From: Tran Ngoc Duong on
On 18 Tháng Sáu, 02:27, Maaartin <grajc...(a)seznam.cz> wrote:
> On Jun 17, 7:18 pm, Tran Ngoc Duong <tranngocdu...(a)gmail.com> wrote:
>
> > On 17 Tháng Sáu, 15:20, Maaartin <grajc...(a)seznam.cz> wrote:> On Jun 17, 9:13 am, Tran Ngoc Duong <tranngocdu...(a)gmail.com> wrote:
> > >Then in can be embedded in the instruction on most architectures.
> > >The memory access may be more costly then the computation on modern
> > > architectures even when LEA is not available.
>
> > Even if it is an expanded key, which is quite short and is accessed
> > very frequently?
>
> The memory read can take place concurrently to other operations within
> only one cycle. It may become a bottleneck if there are other memory
> accesses, or it can help to free other busy resource. But I don't
> think that such a many-times-repeated multiplication with a non-
> constant value is frequent.
>
I'm not sure if I understand it correctly. What I've tried to say was
the case of mixing a data word with a (sub-)key word in a block /
stream cipher, which may be surely regarded as many-times-repeated
multiplication by a in-memory constant value, and it is quite typical.

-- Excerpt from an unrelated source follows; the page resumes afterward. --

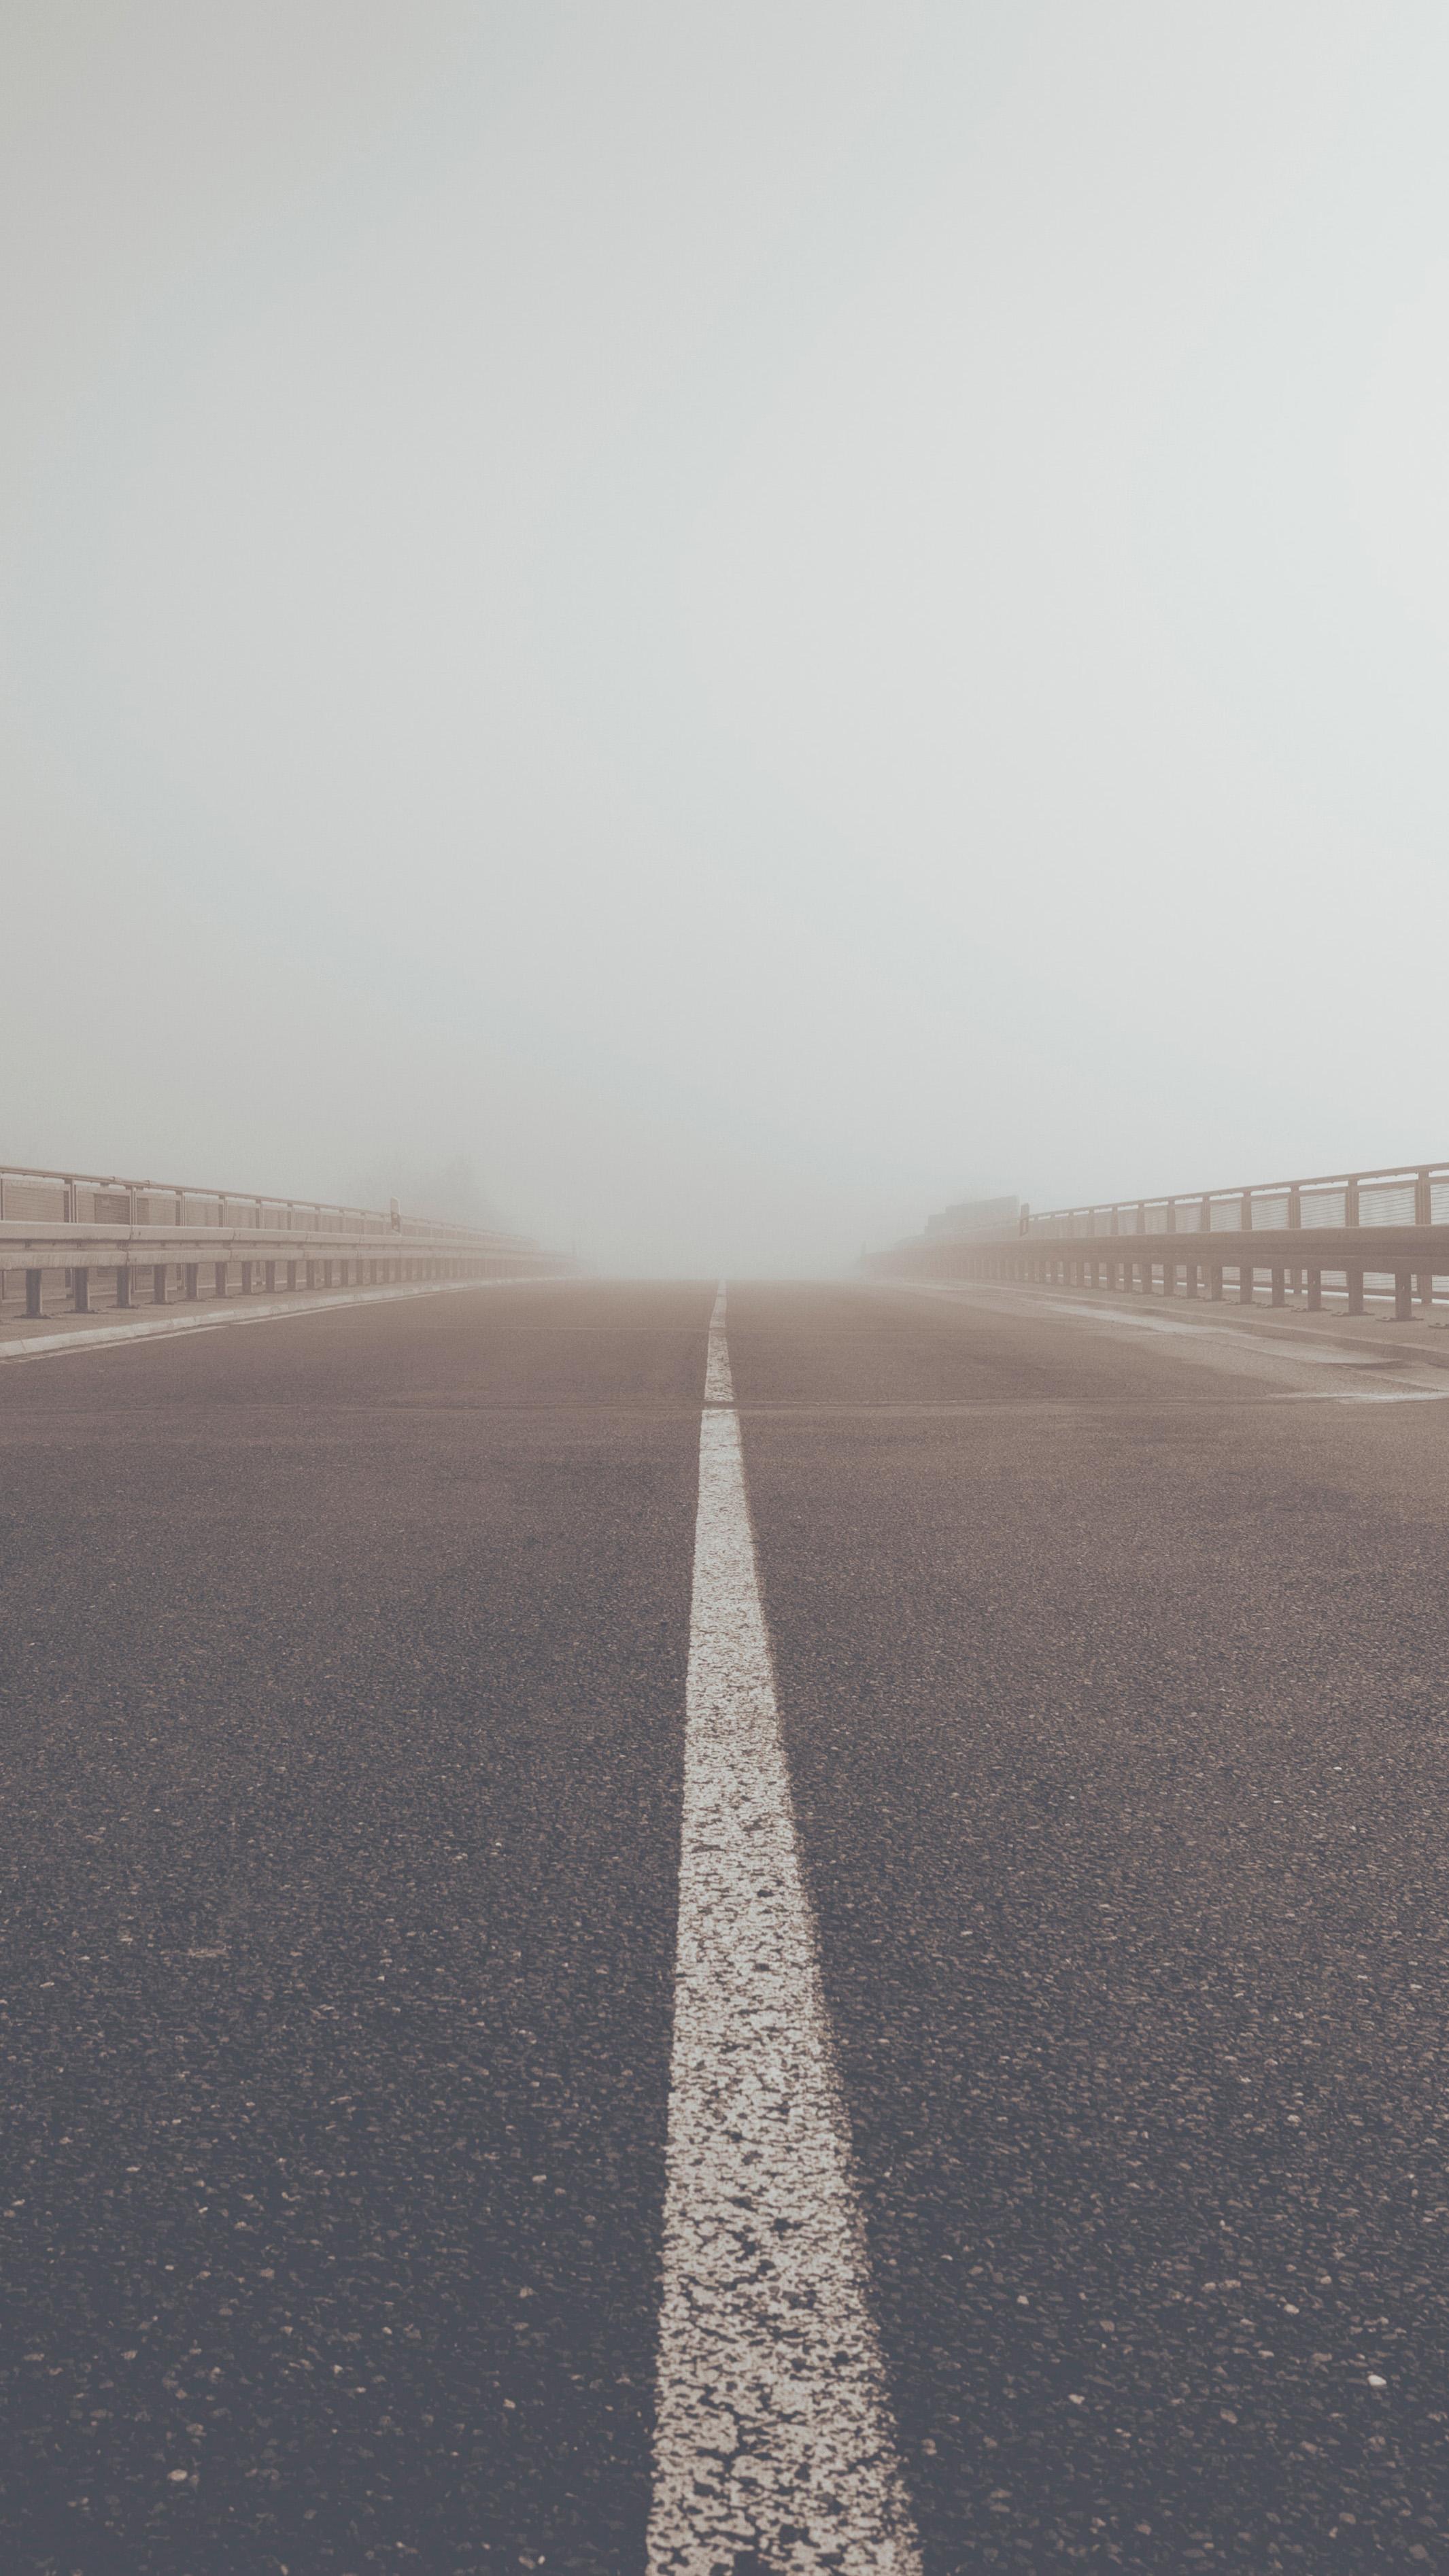 asphalt-fog-foggy-229014.jpg

> > Right. That's exactly what made me uncertain feelings with the group
> > 2*x*y + x + y.
>
> There's an algorithm using something similar: RC6, but they choose a
> sort of squaring instead.
>
I see. Exactly that squaring was used in my pseudo-code.

> > And we're yet to take into account the timing variance. In 1994 most
> > of us were happy as we weren't aware of timing attack.
>
> Right. But multiplication is considered to be evil since on some
> architectures it may lead to timing attack as well.
>
"Evil" sounds somehow too strong to me. Multiplication is simply not
suitable for these architectures -- legacy or low-end chips, I think.

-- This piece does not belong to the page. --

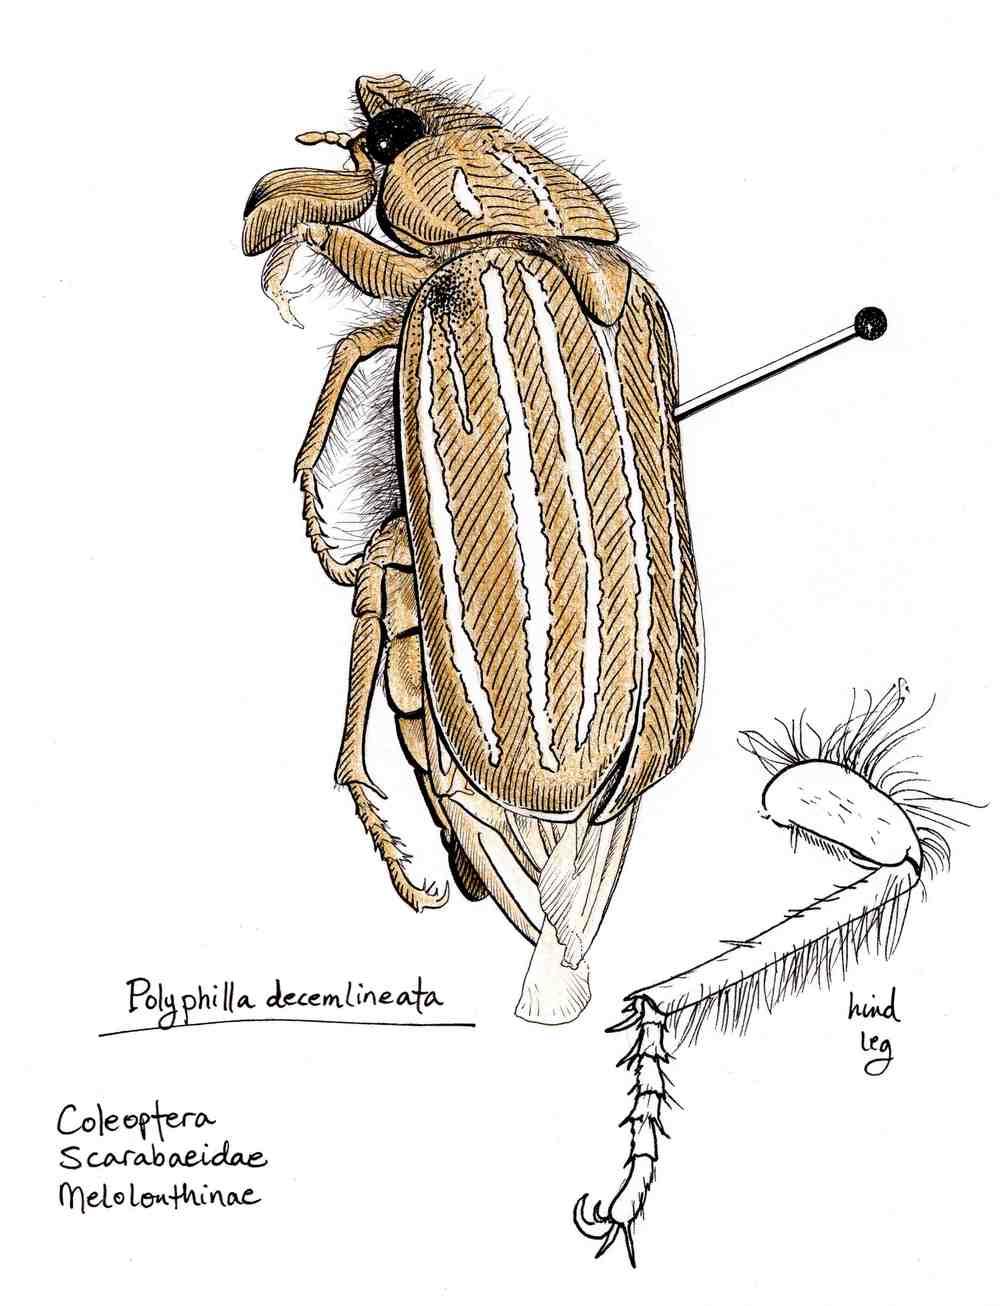 Polyphilla decemlineata

Just like memory lookup for architectures with non-constant memory
access time.

> > Do you think it's worth to consider something like this:
>
> I can't tell. But you haven't got it right, there's no data * data
> multiplication in IDEA, so the row
>   u = u*(2*u + 1) <<< 15;
> must be wrong. Unless it's what you want to do.
>
I want to. I think it (the quadratic polynomial) is better than 2*u*z
+ u + z, since the later is linear in u and in z.

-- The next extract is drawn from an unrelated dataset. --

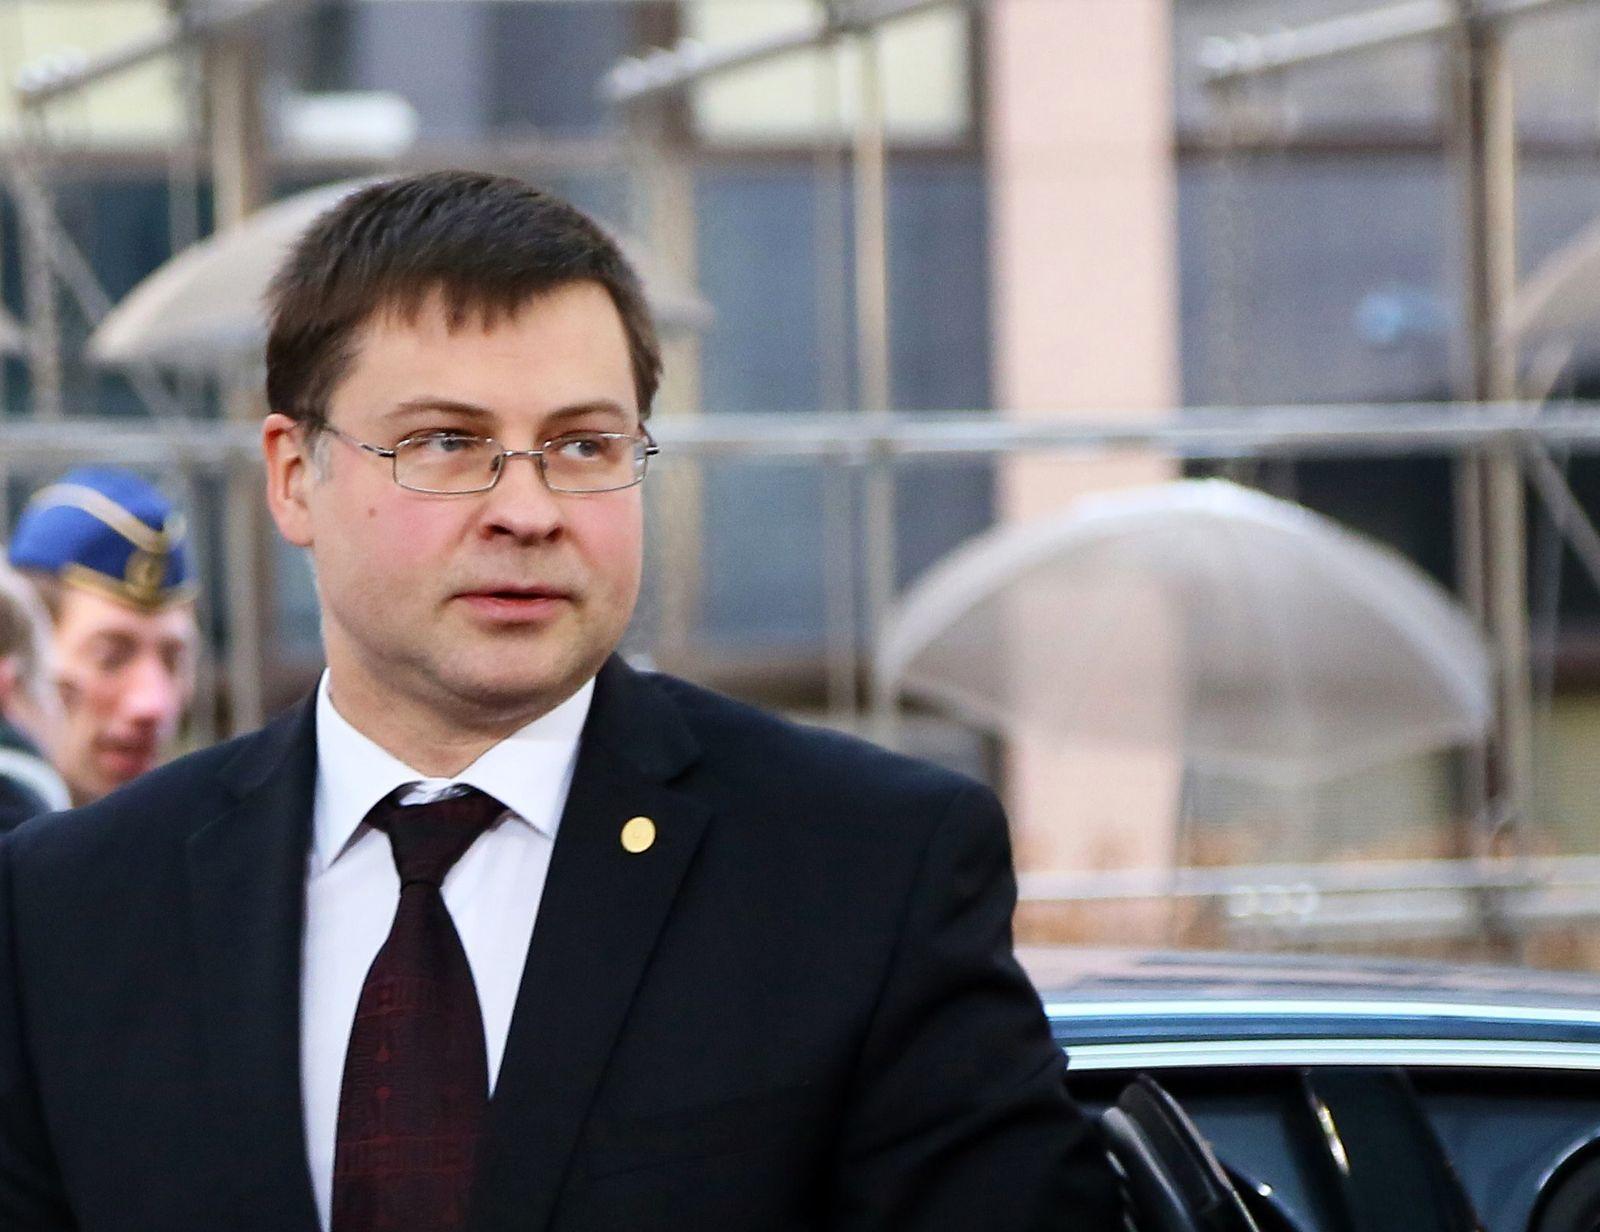 Valdis Dombrovskis / lettischer Premierminister

> > I has never implemented it, but I guess an optimized implementation
> > takes about 15-20 clock cycles per byte on a modern processor.
>
> That too slow, isn't it?
>
Really? I don't think so. Serpent yields about 75 MB/s on my 2-core
2GHz machine (under a latest version of TrueCrypt). That is 2*2E9 /
(75*1024*1024) = 51 clock cycles / byte.